Front Loading and Carry-Over
- Employers may front load sick time at the beginning of the calendar year. The guidance states, however, that an employer may not later revoke or reduce such front-loaded leave if the employee works fewer hours than anticipated.
- An employer is generally required to allow employees to carry over accrued but unused PSL hours each calendar year. However, if the employer front-loads the full 40 or 56 (as applicable) hours at the beginning of each calendar year, additional carry-over is not required.
Requesting Sick Leave
- An employee is entitled to use sick leave on request, which they can make orally or in writing.
- Provided that employees furnish notice that they plan to use their accrued sick leave, there is no specified minimum notice period requirement.
Collective Bargaining Agreements
- A collective bargaining agreement (CBA) entered into on or after September 30, 2020, may provide employees with different benefits than those provided by the PSL law as long as those benefits are “comparable” to the PSL law benefits and the CBA “specifically acknowledges” the provisions of the PSL law (including specifically identifying any benefits deemed comparable to PSL).
Recordkeeping and Notice
- Consistent with existing New York wage and hour requirements, employers are required to keep payroll records for six years.
- Payroll records must include the amount of sick leave accrued and used by each employee on a weekly basis.
- Upon a request from an employee, within three days of the request, an employer must provide a summary of the amount of sick leave accrued and used in the current calendar year and/or any previous calendar year as applicable.
- Employers must advise employees in writing or by posting a notice at the job site of any restrictions or limitations in their leave policy.
Interaction with Other Leave Laws
- The New York City Paid Safe and Sick Leave Law remains enforceable to the extent those provisions meet or exceed the standards and requirements in the PSL.

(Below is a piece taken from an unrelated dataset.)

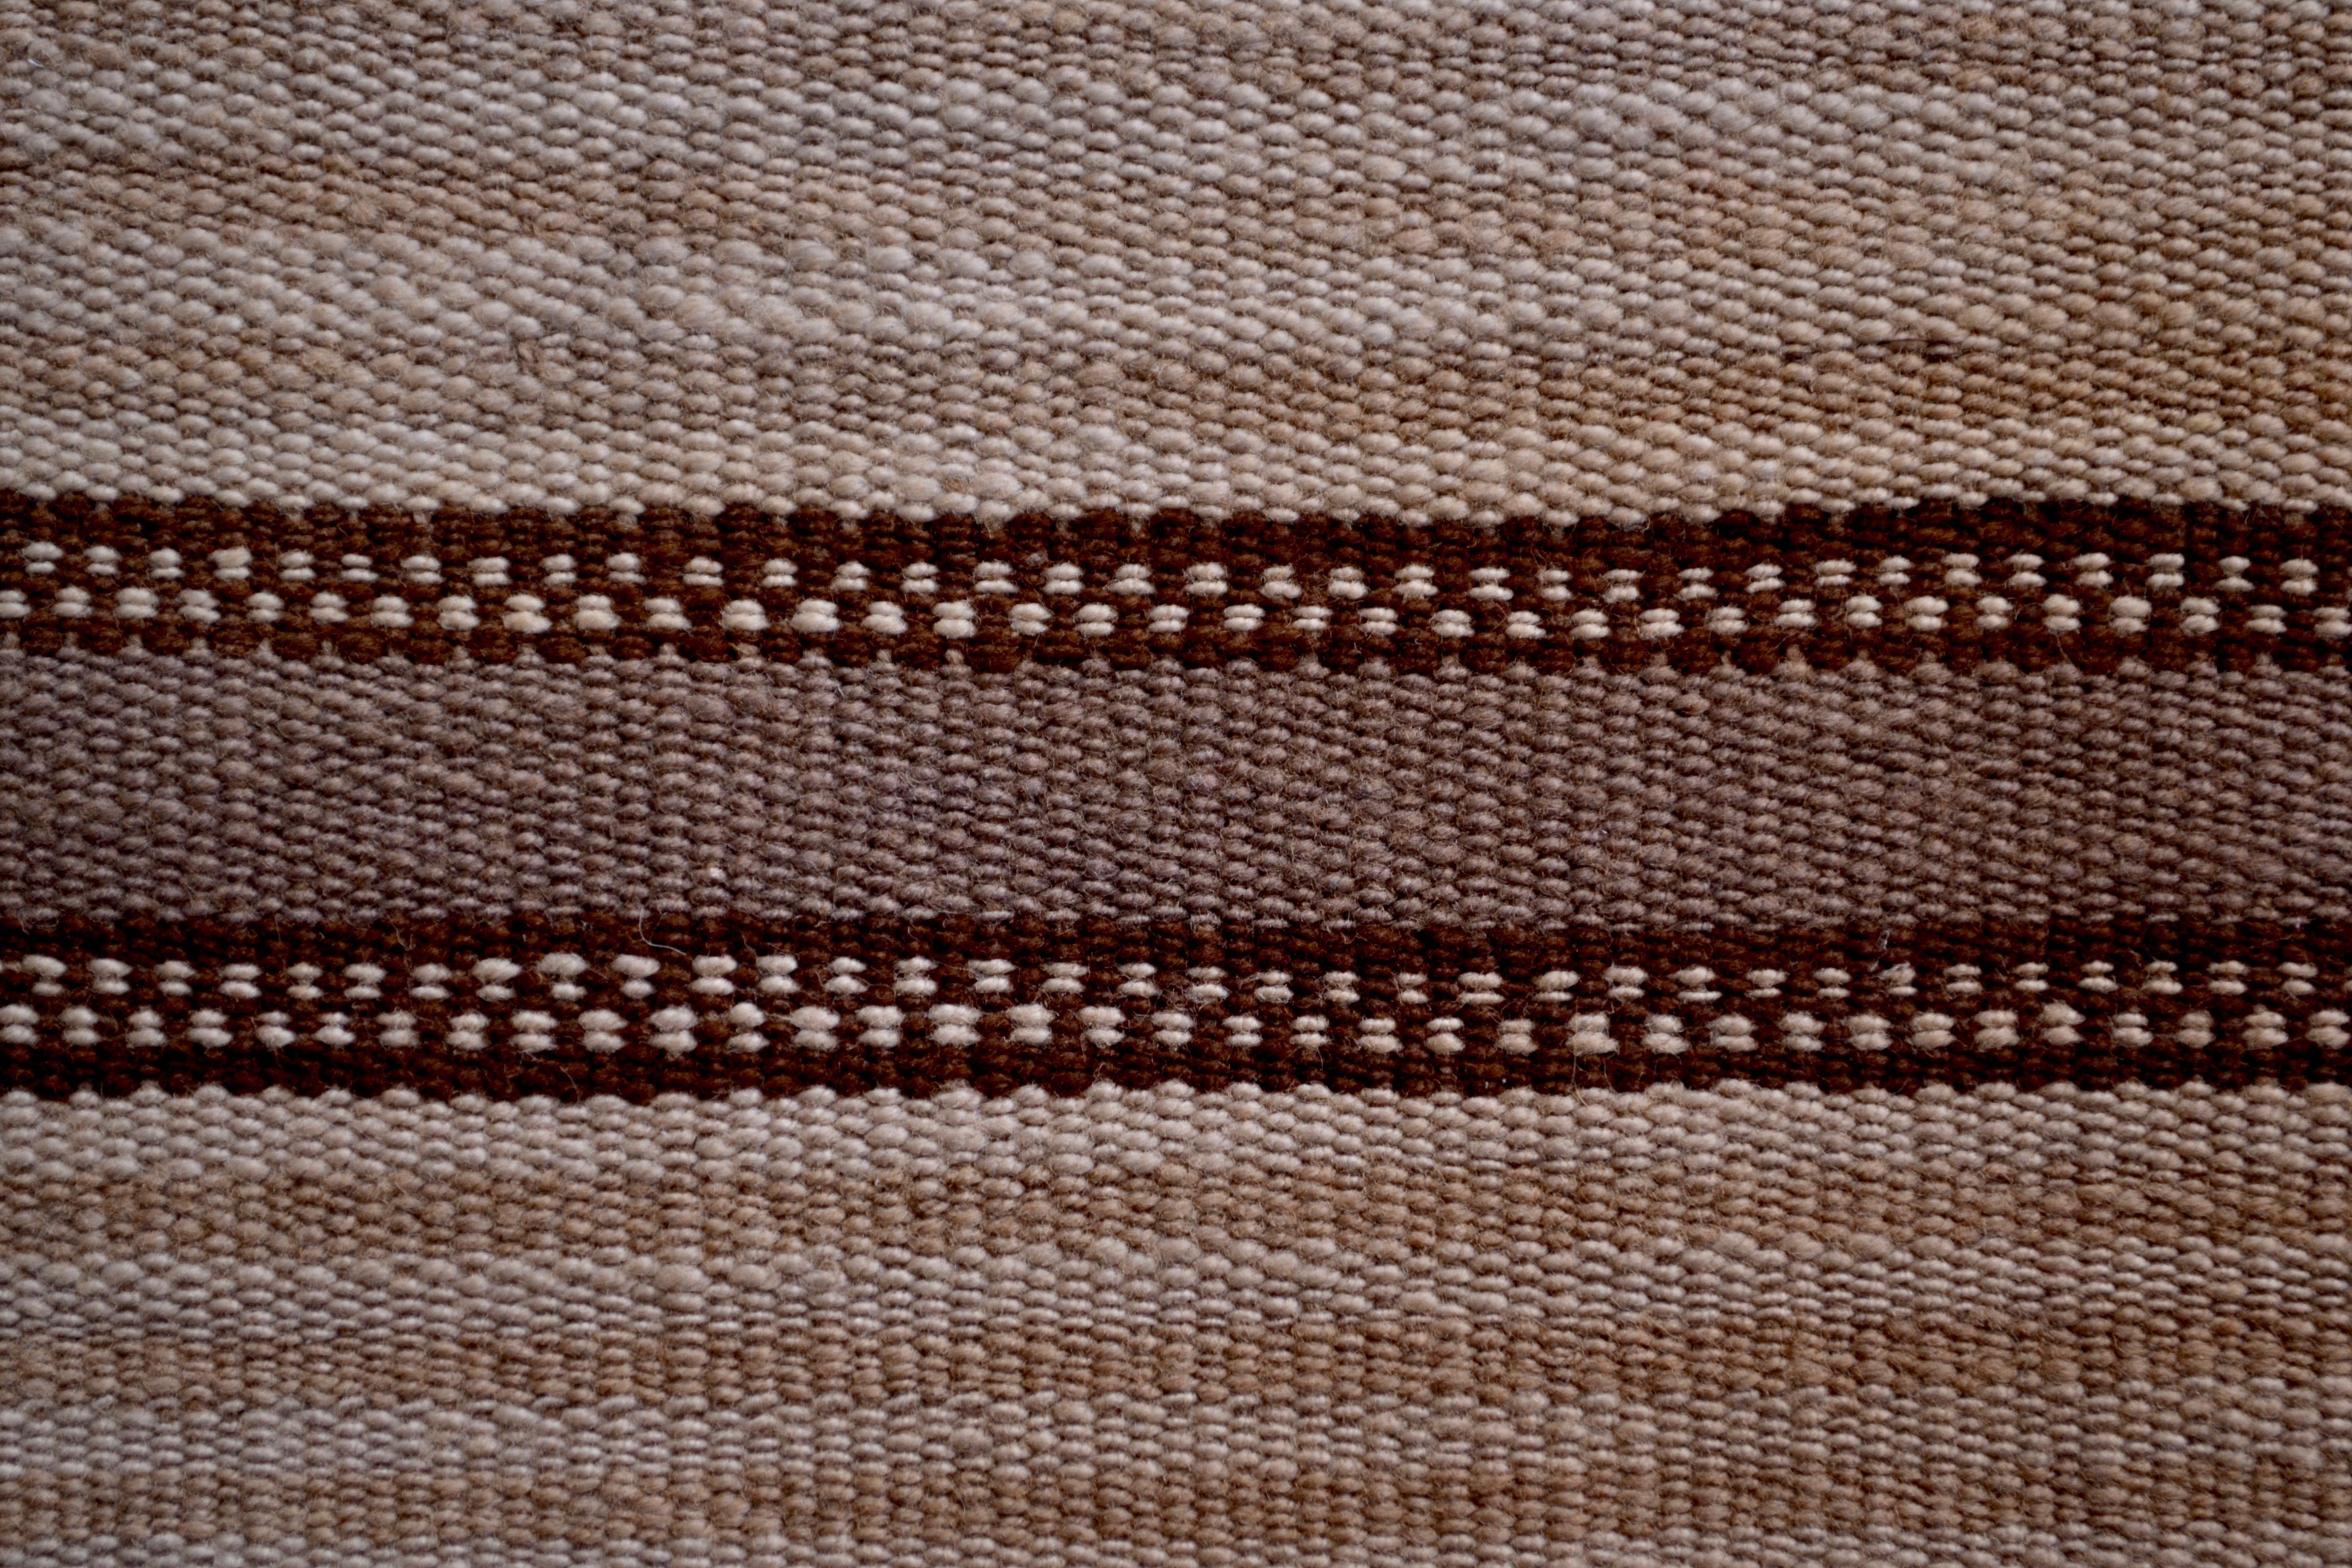 Hand-Woven Striped Inca Pre-Columbian Textile, Peru, circa 1400-1532 AD, Ex Ferdinand Anton For Sale
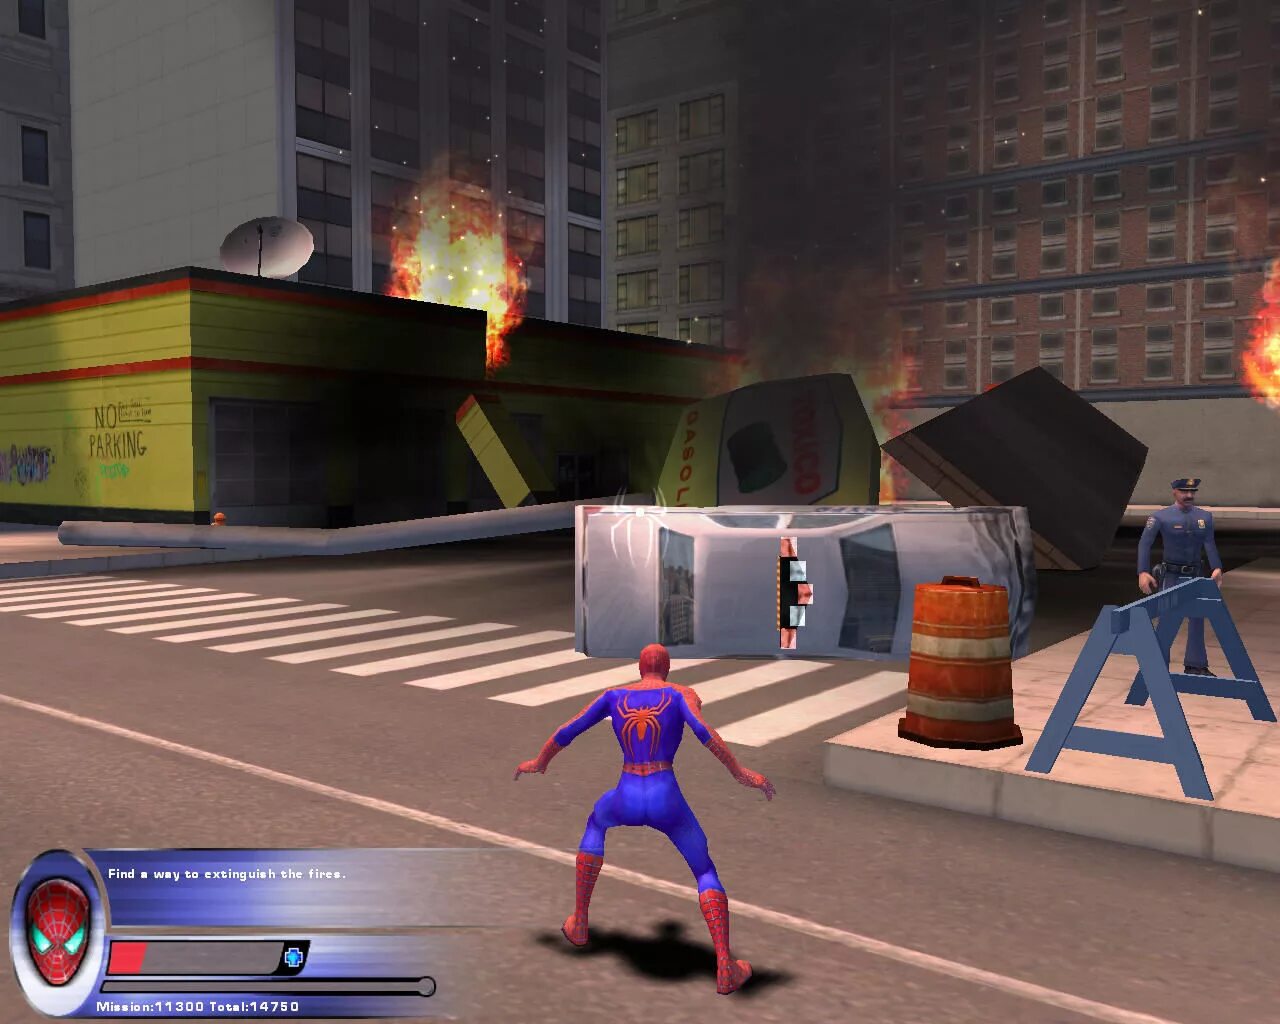 Компьютерная игра человек паук. Spider-man 2 (игра, 2004). Спайдер Мэн игра. Человек паук игра 2004. Спайдермен 2 игра.

- PSL is a separate and additional benefit to quarantine leave for employees subject to a precautionary or mandatory order of quarantine or isolation related to COVID-19.
- The PSL entitlement is also independent of any other applicable federal or state leave entitlements.
- Failure to provide sick leave under the PSL law may subject an employer to “civil/administrative actions and/or criminal penalties,” including “the full amount of the wage underpayment, 100% liquidated damages, and civil and penalties in an amount up to double the total amount to be due.”
Next Steps for New York State Employers
New York State employers may want to consider the following measures:
- reviewing current sick leave policies and practices, including to ensure that employers with 100 or more employees comply with the requirement to provide their employees with 56 hours of PSL per year;
- for employers that use an accrual model for sick leave, taking steps to track accrued leave effective September 30, 2020;
- ensuring that sick leave policies and policies concerning attendance and anti-retaliation meet the PSL law’s requirements;
- reviewing payroll practices to ensure alignment with the requirements of the PSL law and guidance;
- monitoring and reviewing materials published by the New York State Department of Labor to ensure compliance with the law’s notice and posting requirements; and
- training supervisory and managerial employees, as well as human resources professionals, on the requirements of the law.